If you are going to expect me to jump at the opportunity to hang out when you unreliable self has called me to cancel and re-plan things ten times already, then do not expect me to be understanding when you choose to hang out with your love interest instead of helping me with our group project.

However, I expect understanding from both the home-girl and the significant other in regards to my priorities and things that “just come up,” as the role expectations of “best friend,” and “girlfriend,” clash on a too-regular basis, and my good friends are fully aware of this.

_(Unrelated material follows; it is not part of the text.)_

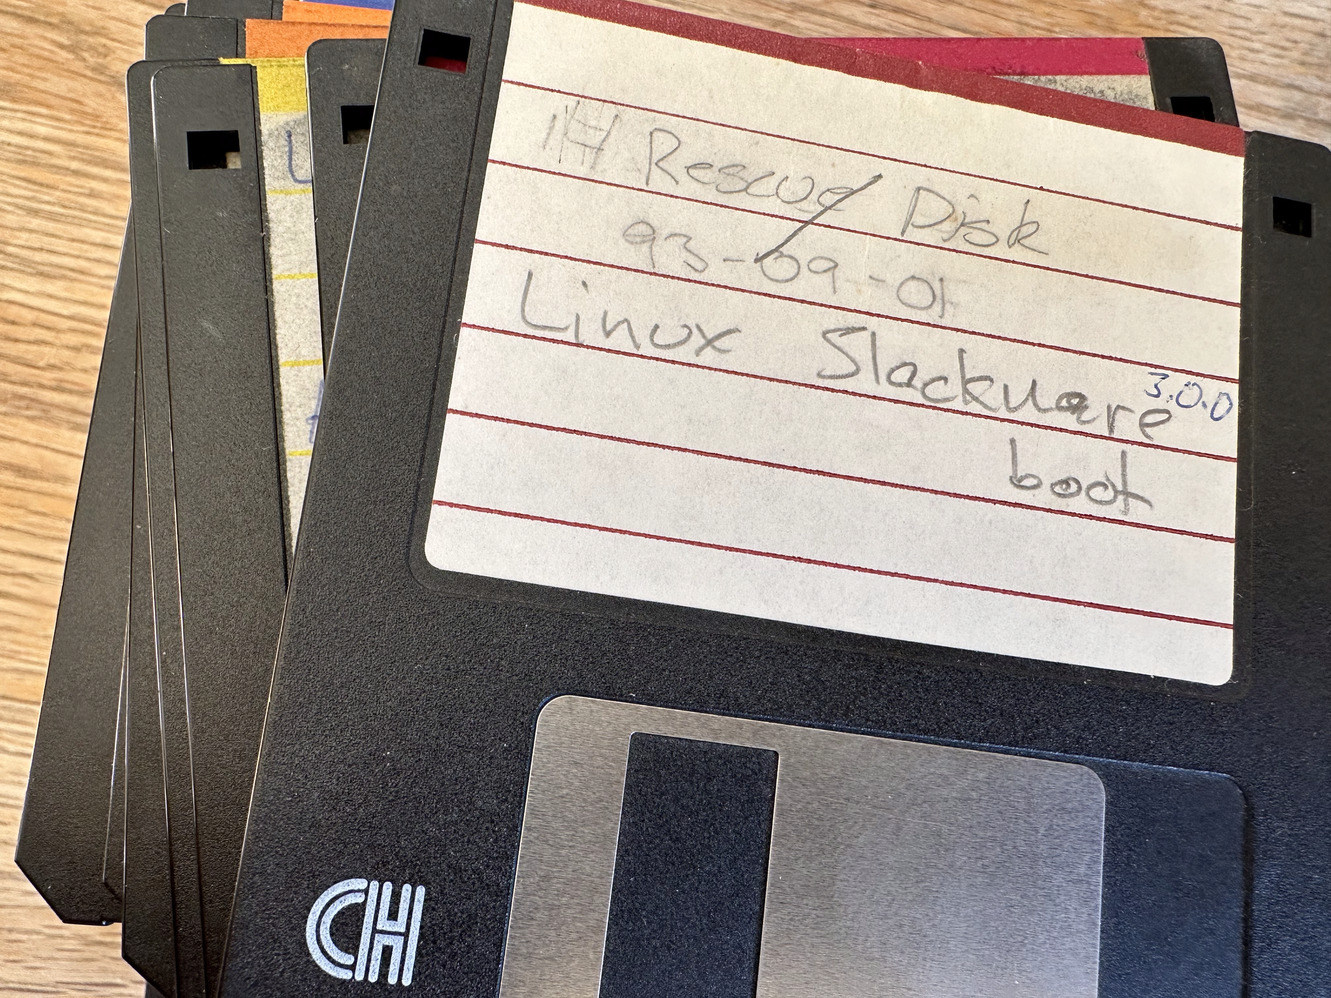 Slackware 3.5" disks

Here is where it gets tricky, so I am just going to lay it on thick. Friend, if you do not like my boyfriend, too fucking bad. If he is good to me and a good person in general, it does not matter to me whether or not that “weird nose-blowing thing he does” annoys you. Boyfriend, if it bothers you that my friend cannot tell her ass from her ankles (interpret this in whichever way you please, it is hypothetical, after all) I do not care. I am very selective in who I befriend and who I date, so the people that I choose to associate with mean something to me. The person that perpetuates the idea that I must choose one or the other is not the person that is going to win my favor.

I feel that it is safe to assume that even after my assessment of the BBH mindset, some people are still going to disagree. I am going to give you the benefit of the doubt and guess that you a) have never been in a romantic relationship like the one I am in or b) are unable to see the issue from both sides. I will put it simply for you, then. When you really care about a man, regardless of how long you have been together or even in contact, that man is no longer expendable or just “a piece of ass,” like the ones before (that is, if that’s how you do things.) He becomes just as important, if not more than, your best friend.

Believe you me, I understand that being in a serious, serially monogamous relationship with someone can result in less time with you girlfriends or “the guys,” as I have been the girl that “favors” her boyfriend, the girl whose best friend “favors” her boyfriend, and the girl that “steals” someone from “the guys” to make him the boyfriend. All of these viewpoints are, more often than not, over-exaggerations of otherwise innocuous and perfectly understandable, not uncommon actions that are taken when one enters a new and exciting relationship. If you still do not understand, you will when you find another that is significant.

This did not exactly turned in to the post that I wanted it to be, but I guess it is hard to write something while drawing on experience and still remain completely impersonal. I do, however, maintain that this is not directed at anyone.